Nashville General Hospital at Meharry_688x376

Nashville General Hospital at Meharry

April 1, 2021
April 1, 2021


Nashville General Hospital at Meharry has provided quality healthcare to the Nashville community since 1890 when it opened its doors as City Hospital. Nashville General Hospital is a publicly supported, academically affiliated, community-based hospital which provides sophisticated healthcare services, stateof-the-art technology and compassionate care. As the acute care entity of the Metropolitan Nashville Hospital Authority, this 150-bed, Joint Commission accredited facility readily accommodates a wide range of acute care needs, including a post-operative surgical floor, medical floor, adult and neonatal intensive care units and full OB/GYN services. Serving as the index teaching hospital of Meharry Medical College, the Medical Staff and employees of Nashville General Hospital provide an educational and research environment based on the provision of comprehensive acute care services. The vision of Nashville General Hospital’s leaders, physicians, and employees is to be an acclaimed healthcare center that demonstrates strength, compassion, and excellence in the provision of both clinical care and service.

The Challenge:

Medical Staff Coordinator Robbie Newlin describes the context for the Medical Staff Office at Nashville General Hospital. “This is a two person office serving two world-class medical schools, a community health system, 419 physicians and providers, and over 200 residents and medical students.” “Our environment requires us to have a great deal of flexibility to address day-today emergent needs,” continues Robbie. “Our challenge is to replace chaos with order.” To move toward a more streamlined and efficient process, the Medical Staff Office established six key goals:

Goal 1: Implement a “hands free” online portal for outside entities to verify providers
Goal 2: Achieve additional efficiencies with EchoPSV and Echo NPDB Auto
Goal 3: Streamline the reappointment application process
Goal 4: Use online application management to shorten on-boarding time
Goal 5: Enhance the Peer Review Process
Goal 6: Provide unexpected value to internal departments


WHY ECHOCLOUD? The Medical Staff Services team selected Cloud implementation to address these goals because their previous credentialing solution included a server in IT. That arrangement made the Medical Staff Office dependent on an already stretched IT team for ongoing support. With the move to Echo, the desire was to avoid additional pressure on IT. The Medical Staff Office didn’t want to ask their IT team to acquire hardware, configure IIS and SQL, install Echo, configure fax and e-mail, and to support backup, maintenance, and upgrades.

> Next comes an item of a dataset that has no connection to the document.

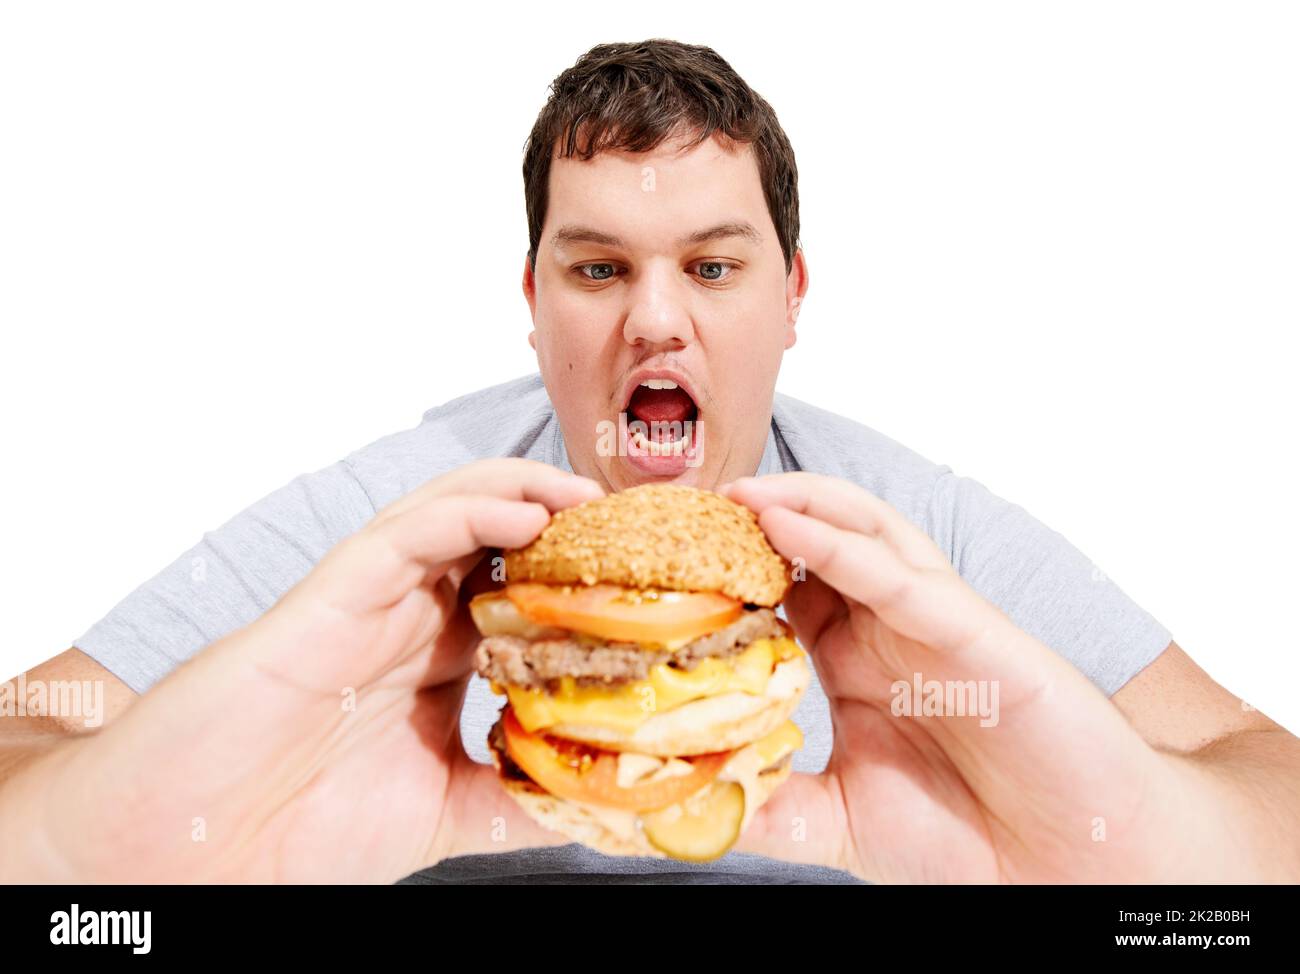 J'entre dans mon ventre, hamburger. Un jeune homme obèse sur le point de manger un énorme hamburger. Banque D'Images

Our IT team has enormous commitments and an ever-evolving list of priorities, and the huge tasks of implementing an Electronic Medical record and Physician Order Entry were on the calendar, said Robbie. “I recommended that we select EchoCloud to avoid placing additional demands on IT time and resources. Our team agreed. For us the Cloud option is a win for our IT team and a win for the Medical Staff Office.” Echo’s research supports Robbie’s recommendation, indicating that EchoCloud saves clients valuable time. The average EchoCloud implementation is 23.6% faster and EchoCloud clients spend 50% less time with client support.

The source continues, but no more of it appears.